Она скоро совсем к нам привыкла, стала совсем как своя. Точно будто она все время у нас была. Если сколько-нибудь стеснялась, так только отца, которого она редко - раз, два в день - видела, и потом, когда гости приезжали. И то она стеснялась этими последними потому скорее, что непременно всякий раз почти или спрашивали при ней о ней самой, об остальных ее сестрах и братьях - кто их разобрал, высказывали" сожаление или говорили ей: "Учитесь, учитесь, Mapфинька! Это для вашей же пользы". Нам никому этого не говорили, а ей почему-то говорили: точно или не нужно нам было этого говорить, - мы и сами понимали; или и учиться нам не нужно, пожалуй, а только ей это необходимо... Она и сидела при гостях всегда серьезная, стараясь не глядеть на них, и все ждала, как бы ей уйти, и уходила при первой возможности. Вообще самая веселая она бывала, когда оставалась одна или вот с нами, с матушкой. Редко это бывало, но она в это время иногда даже дурачилась.
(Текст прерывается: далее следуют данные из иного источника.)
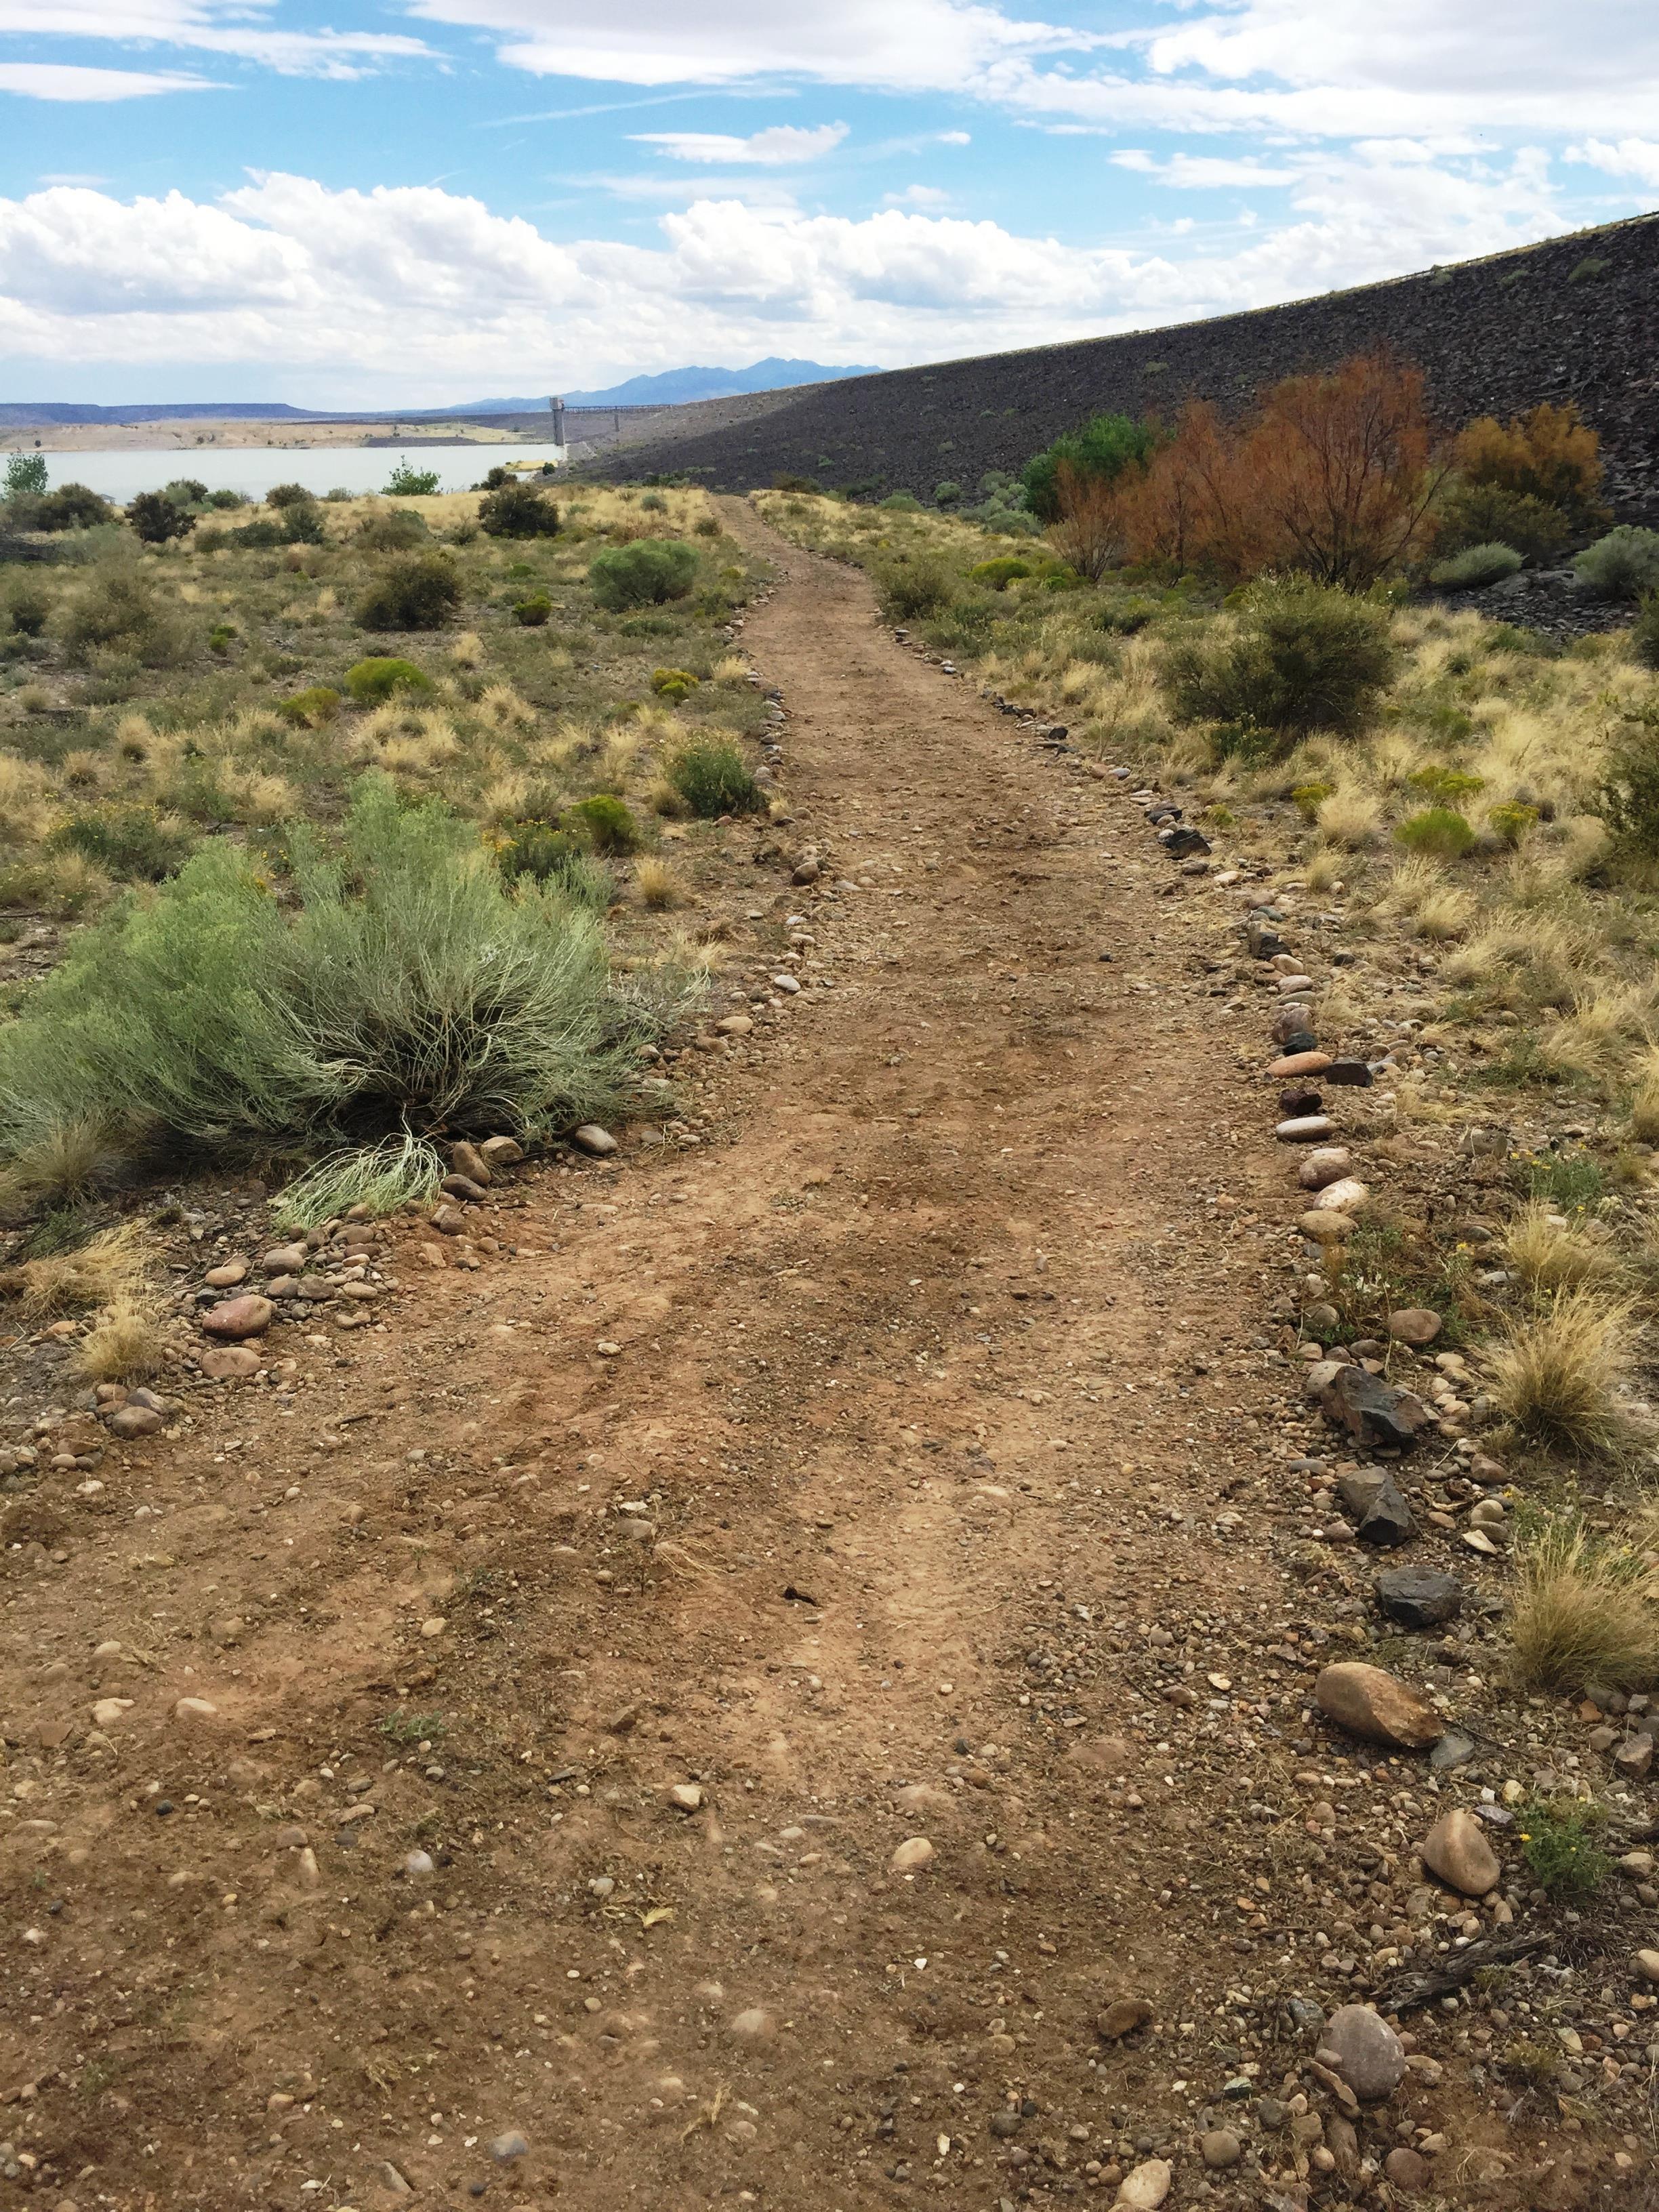 Volunteers Build Trails At Cochiti Lake Albuquerque District Albuquerque District News Stories

- Марфинька, маленькая ты разве? - говорит ей матушка. И она смеется, говорит что-нибудь в свое оправдание.
Она как-то поздоровела, даже, пожалуй, пополнела. Как-то без нее однажды кто-то заметил это и сказал матушке:
- Марфинька-то как у вас - просто узнать нельзя...
- Отогрелась, сыта, нужды не видит... Человек, зверь, птица - все одно и то же, - ответила матушка.
Нелюдимость, одним словом, месяца через три-четыре у нее совсем прошла. Только она попрежнему осталась по временам какой-то странной: говорит, ходит, разговаривает, весела, шутила сейчас - и вдруг задумается. Сидит, лицо серьезное, глаза не сморгнут, уставились куда-нибудь, и ничего не слышит.
- Марфинька!
Молчит.
- Марфинька, мама тебя зовет!
Она вздрогнет даже.
- А? Где? Кто?..
- Мама звала.
- Сейчас.
Встряхнет головой, точно чтоб мысли разлетелись, вскочит и побежит в другую комнату, откуда звала ее матушка.
И после долго какая-то странная, все забывает, путает - рассеянная.
Была и еще у нее одна странность: она все удивлялась, и ничему другому, как только тому, если видела чего много. Все равно: огурцов, масла, варенья, гусей, яблок, денег.
- Ах, как много!
Все оглянутся на нее - и вовсе не много, а ей все кажется, что много.
- Марфинька, да разве это много?
- Много.
И она смотрит, точно измеряет глазами - сколько?
- Ты разве этого никогда не видывала?
- Нет, видела. Только я не видела, чтоб у кого-нибудь столько было.
- Да на базаре яблок еще больше.
- То на базаре, а это дома... и вы этого продавать не будете. Это все ваше...
Ее, очевидно, поражало просто то, что как это можно во всем такое обилие иметь? Солят огурцы - она удивляется, что их солят десять кадок.
- А мы одну, бывало, солили, и то маленькую, вдвое, даже втрое меньше этой, - говорит она и измеряет глазами, сравнивает "ту" кадку с этой.
В кладовой увидит десять - двадцать голов сахару, ящики кофе, чая.
- Ух, сколько!
- За год все выйдет, еще не хватит.
- Да?
И опять задумается, смотрит, сравнивает, прикидывает глазами. "Много", - как бы про себя повторяет она.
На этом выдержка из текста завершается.